Consider something roughly similar to this:
<?PHP
session_start();
if (empty ($_SESSION['admin_id'])) die("Log in, son.");
if (empty($_GET['record_id'])) die("You've got to tell me which record to delete!");
if (! is_numeric($_GET['record_id'])) die("Invalid record ID");
//just to be totally safe, even though we just enforced that it's numeric.
$record_id = mysql_real_escape_string($_GET['record_id']));
$sql = "DELETE FROM table WHERE record_id='{$record_id}' AND admin_id = {$_SESSION['admin_id']}";
mysql_query($sql);
echo "Record was deleted (assuming it was yours in the first place)";
?>
In that example, we're avoiding the "delete someone else's records" problem by leveraging the WHERE clause in the DELETE query. Of course, to be more user friendly, you'd want to first fetch the record, then compare the admin_id on the record to the admin_id in $_SESSION, and if they don't match, complain, log something, throw an error, etc.
HTH
You're saying: "What if Admin 123 access the URL of Admin 321 directly, thus deleting his stuff?" no?
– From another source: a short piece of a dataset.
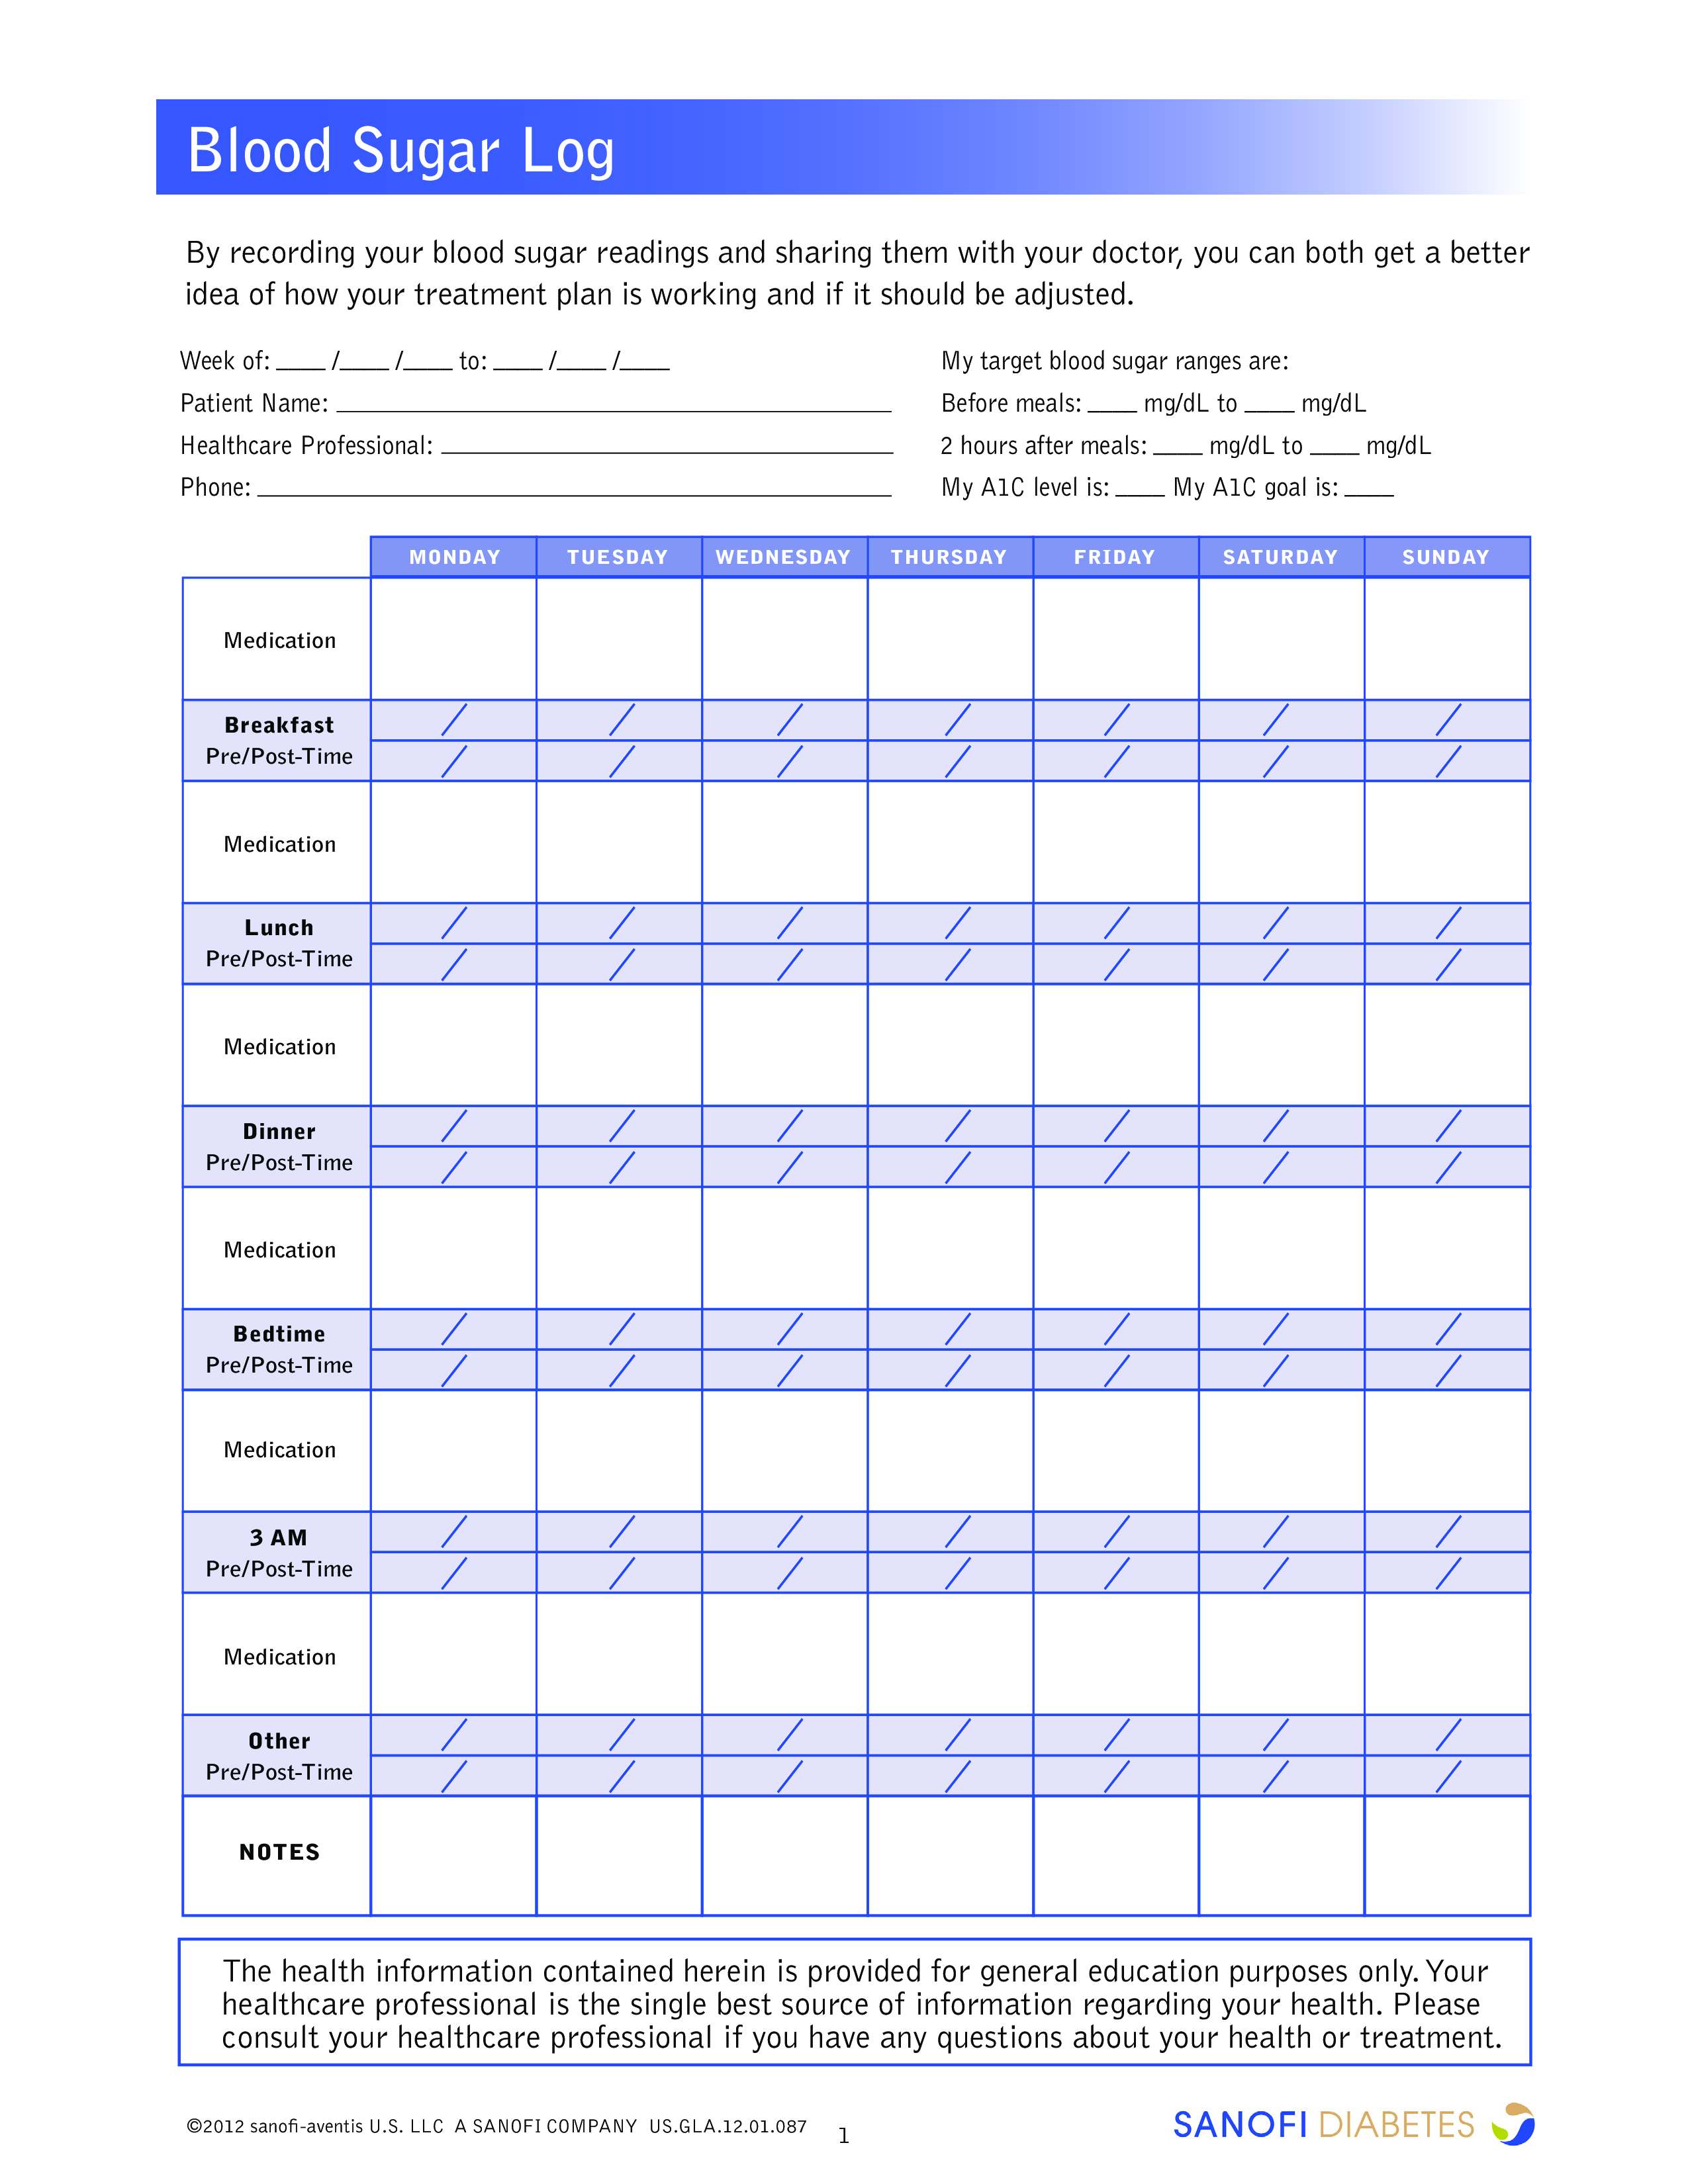 free-printable-blood-sugar-log-sheet-printable-templates

If that's so then, every admin that is logged in should have at least one session with some unique identifier to that admin. If not, he shouldn't be able to be in the admin section in the first place. Can't you just compare the identifier in the URL with the identifier in the session?
If any user, not just an admin, access those 'delete me' URLs he should be identified by a session as the original 'owner' (admin) of that data.